### EXERCISE OBJECTIVE
Would you please restate the data exactly as it stands, apart from the pictures?

### DATASET CONTENT
________________________________________

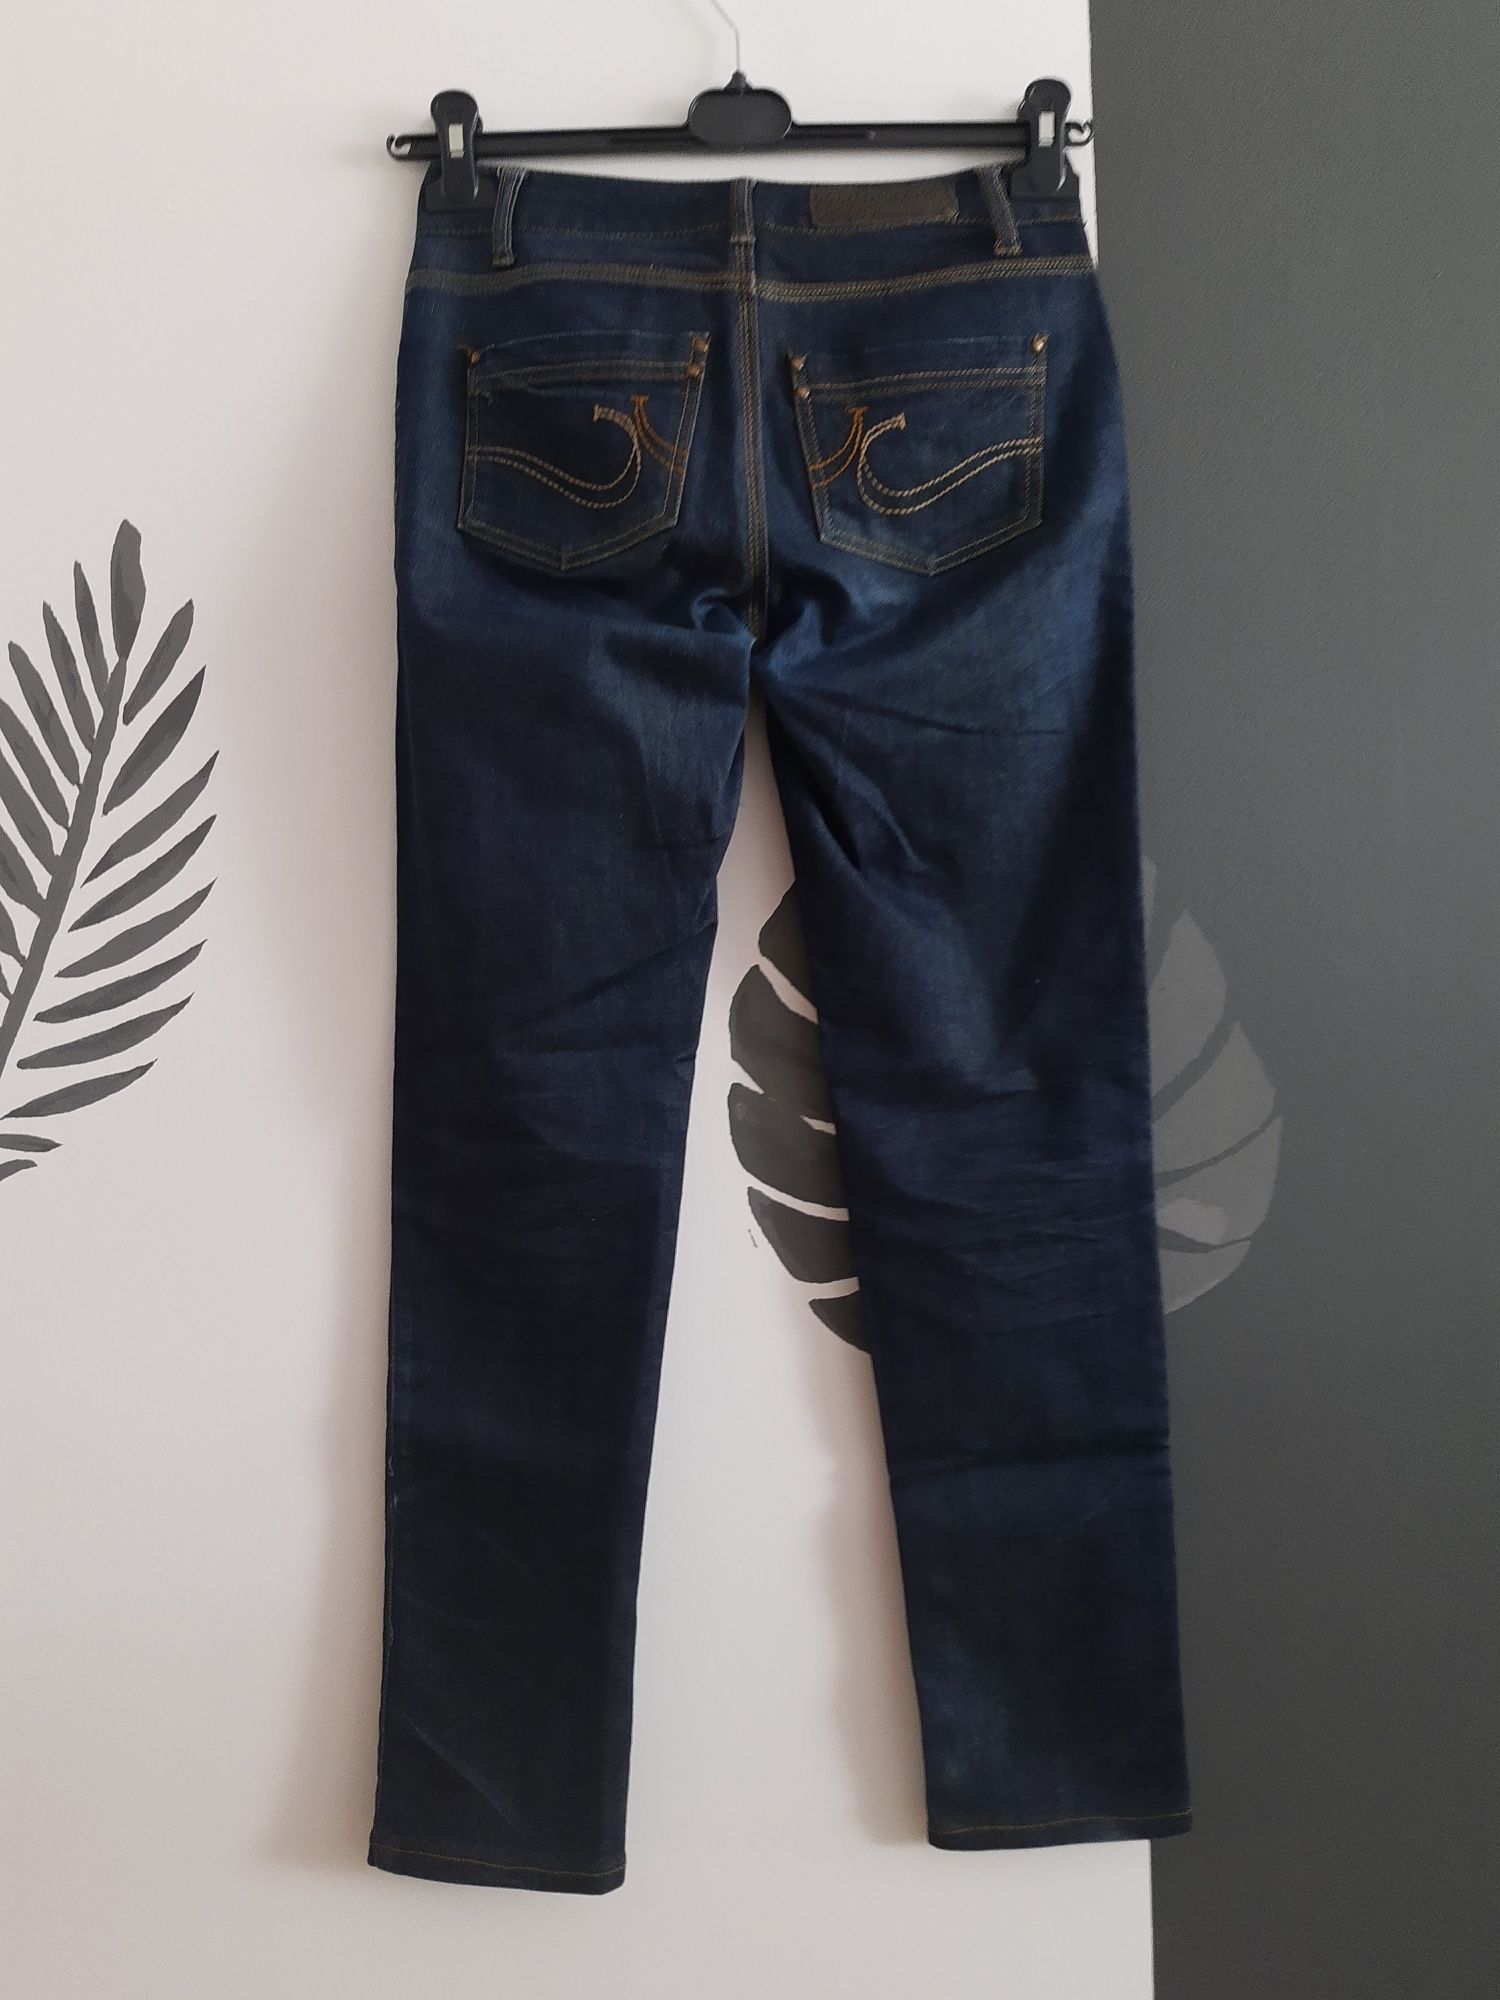 Spodnie jeans 34
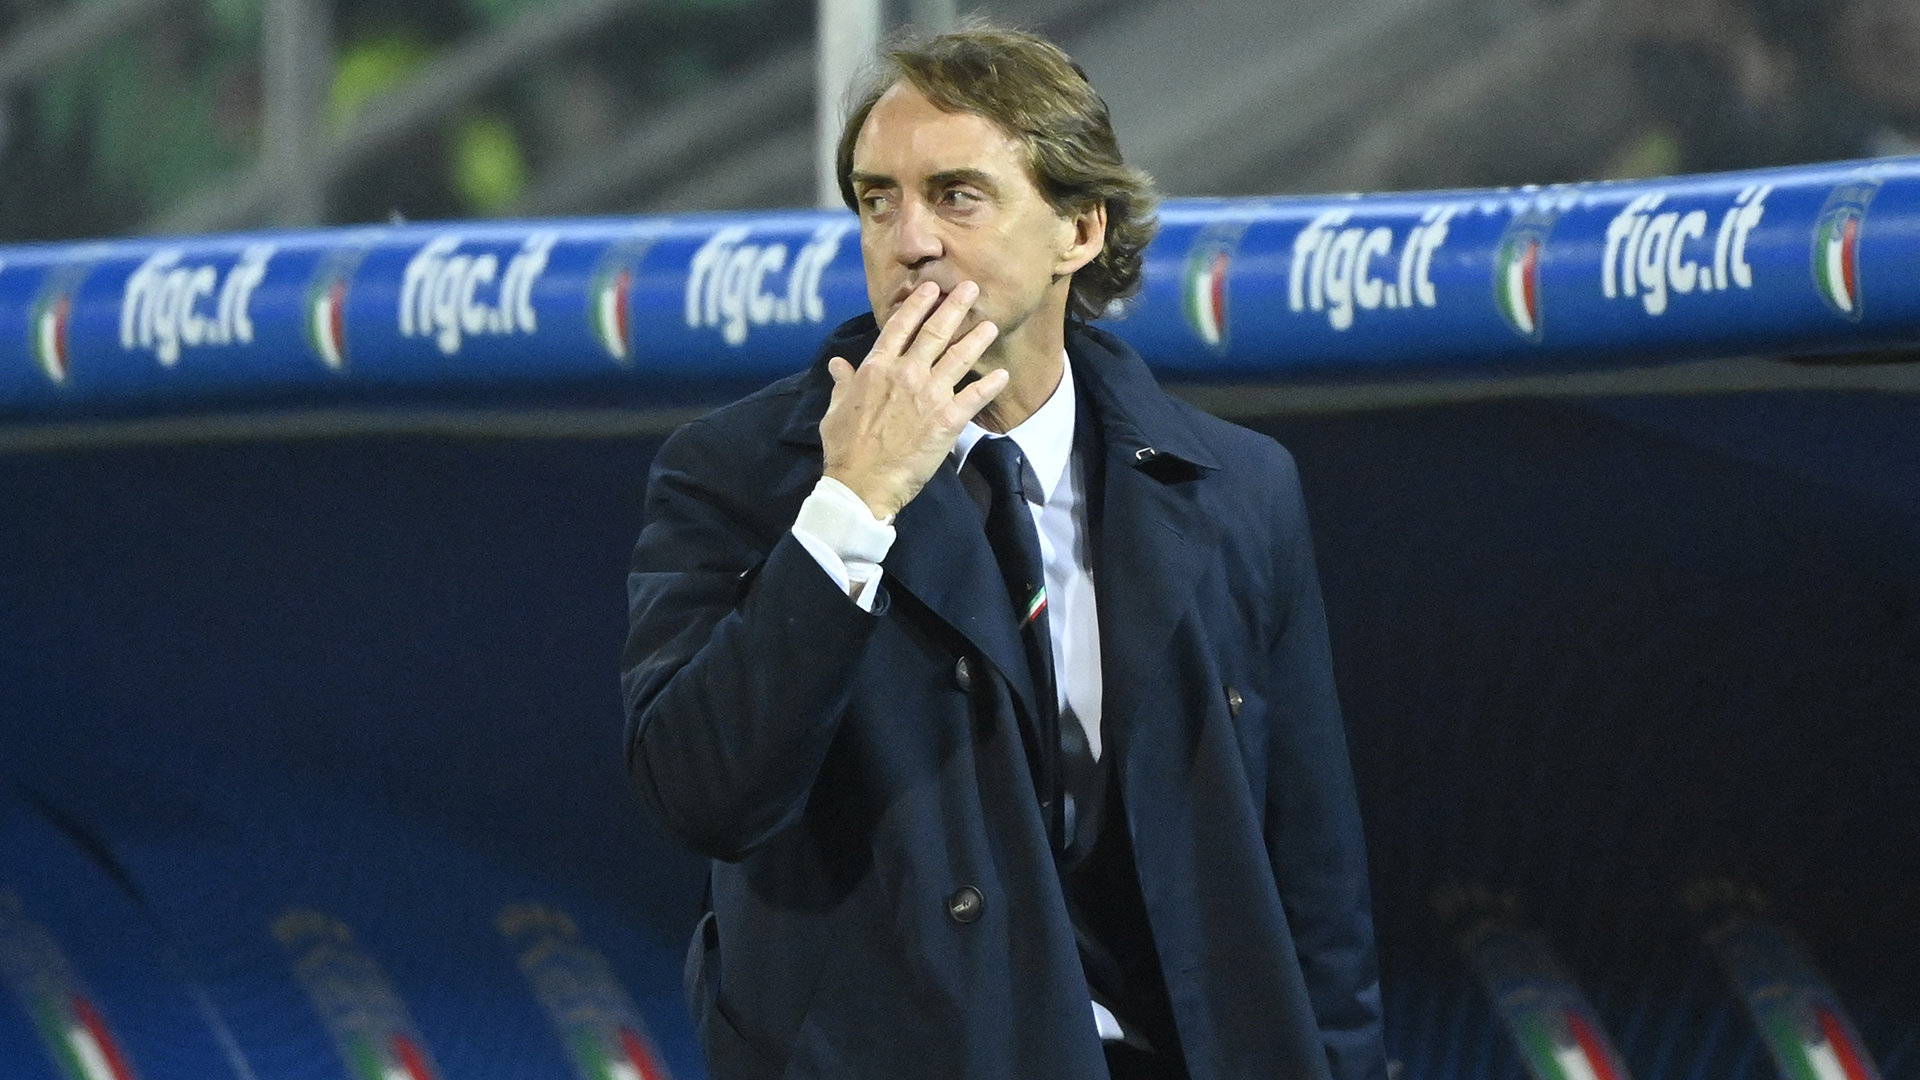 Il futuro di Roberto Mancini in dubbio dopo l'eliminazione (AFP)
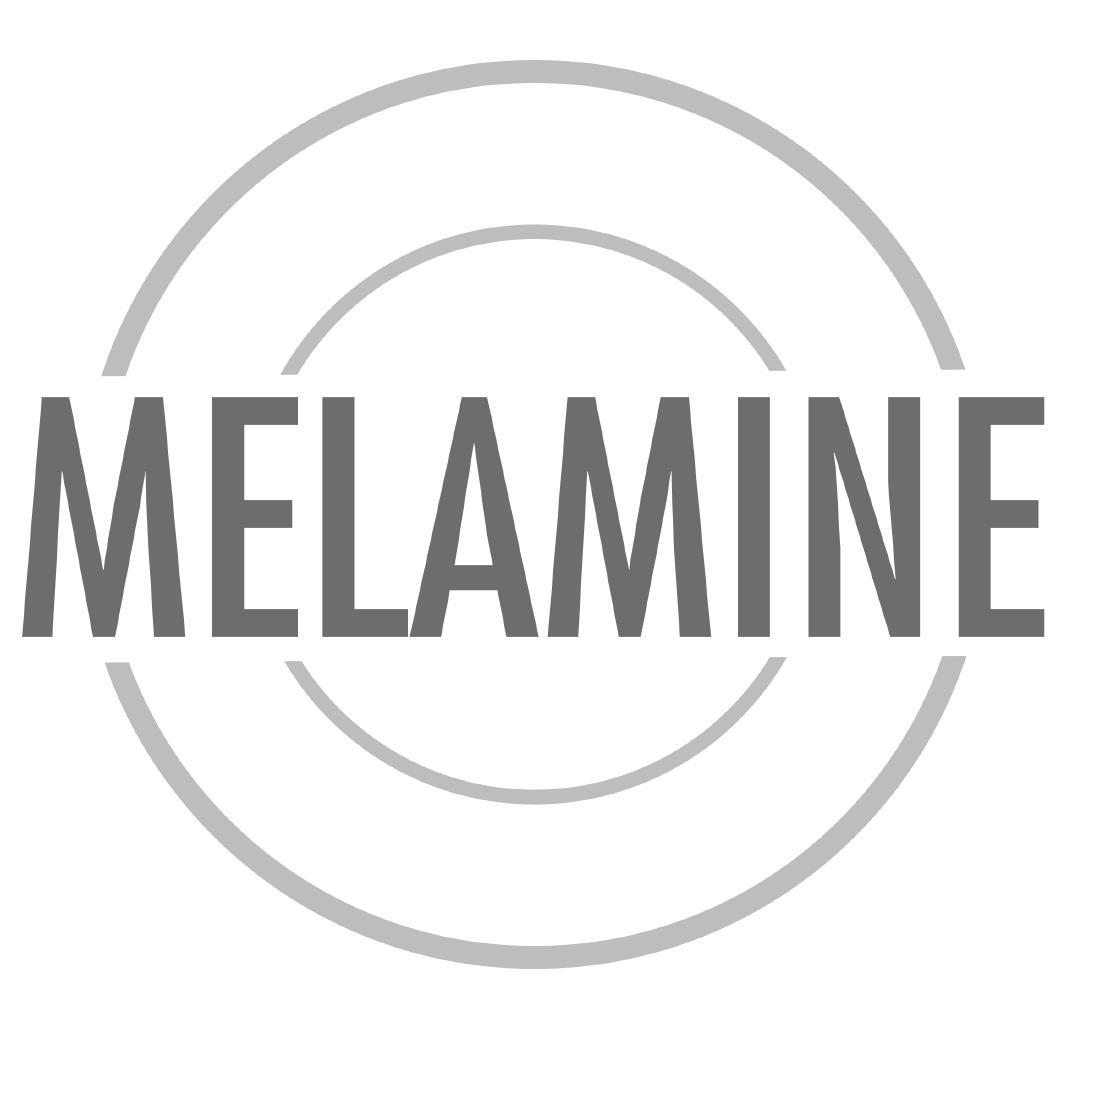 Melamine Blue Placemat - P348  - 2

________________________________________

### SOLUTION TO THIS PROBLEM
 Spodnie jeans 34
 Il futuro di Roberto Mancini in dubbio dopo l'eliminazione (AFP)
 Melamine Blue Placemat - P348  - 2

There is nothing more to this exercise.